Dr. Omar F. Almallah, an internationally recognized refractive ocular surgeon at Susskind & Almallah Eye Associates in Toms River, New Jersey, recently wrote an opinion article regarding the beneficial use of femtosecond laser-assisted cataract surgery in a particular case of a patient with dense traumatic cataract and zonular dehiscence with vitreous in the anterior chamber. The article is entitled “Femtosecond cataract surgery can be performed in presence of vitreous fluid” and was published online in the Ocular Surgery News U.S. Edition.
Femtosecond laser cataract surgery is a promising technique that was designed to assist or replace several elements of manual cataract surgery, namely the surgical incisions in the cornea and the fragmentation of the clouded lens (cataract) in the eye.
Zonular dehiscence is a condition that leads to instability in the eye. It can be caused by traumatic injury, like an external trauma or trauma during intraocular surgery, and also by non-traumatic events such as congenital disorders.

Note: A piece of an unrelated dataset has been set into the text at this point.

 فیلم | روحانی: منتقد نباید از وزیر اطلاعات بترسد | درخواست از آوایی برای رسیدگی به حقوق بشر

Dr. Almallah attended a patient who had an injury in the left eye due to trauma with a high-velocity tennis ball, presenting a 4+ grade cataract, the highest grade where more than 90% of the pupil and more than 50% of the back surface of the lens is obscured by the cataract. The patient had vision 20/300 in the injured eye and the trauma had caused a retinal tear for which the patient underwent a reparative cryotherapy procedure. At the time of the trauma, a zonular rupture was also caused that rapidly developed into a cataract.
The patient had normal eye pressure and the cornea had no signs of rupture. The anterior segment of the injured eye had vitreous fluid with phacodonesis (vibration of the lens with eye movement) and the patient had astigmatism, an optical defect characterized by blurred vision.

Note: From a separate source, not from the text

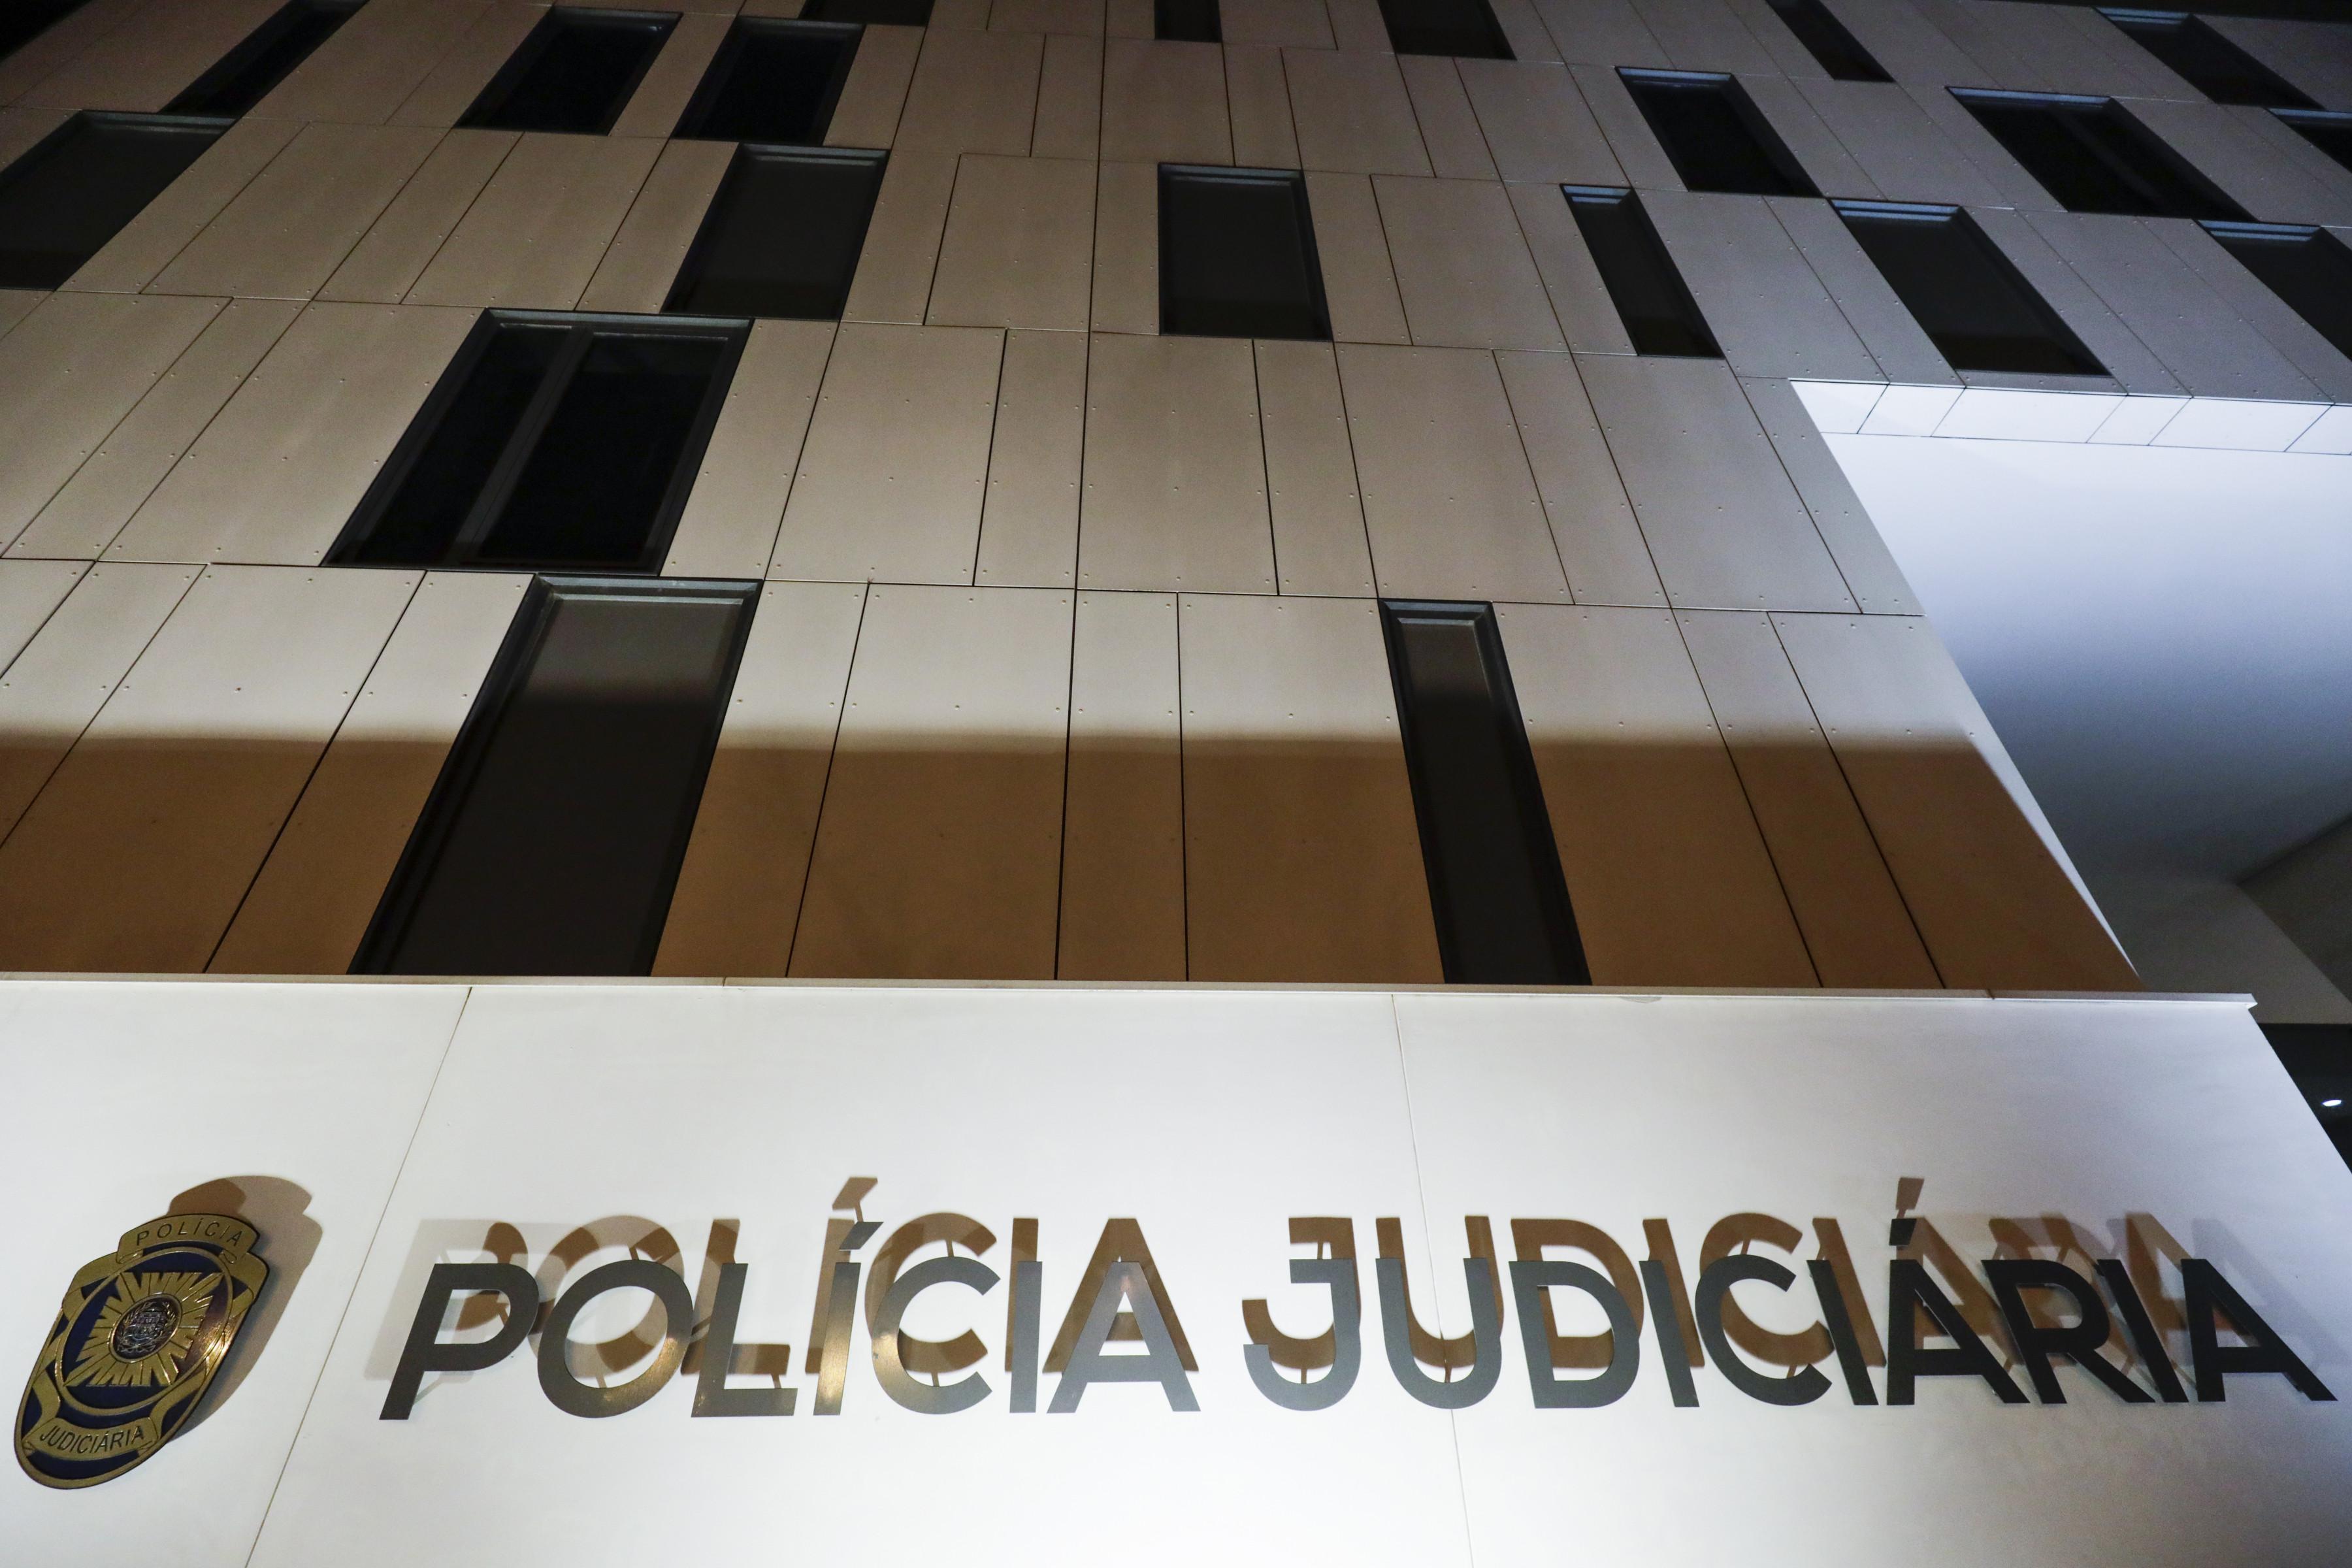 Detidos suspeitos de matarem proprietário de pastelaria de Almada

To repair the condition of a dense cataract combined with an unstable lens is a challenge, as there is an increased risk for further vitreous loss (the gelatinous mass between the lens and the retina lining the back of the eye), a dropped nucleus into the vitreous cavity, iatrogenic corneal endothelial damage and secondary corneal edema.
“Removing the cataract before losing the anterior chamber pressure and dropping the lens was a concern. I determined that the least traumatic way to get the cataract out was to avoid making any large incisions and to soften the lens using the Catalys femtosecond laser (Abbott Medical Optics). However, there was a considerable amount of vitreous in the anterior chamber, and I was not sure how the laser would behave through the vitreous. Because the fluid is a clear medium, I surmised that the laser would function as intended,” explained Dr. Almallah.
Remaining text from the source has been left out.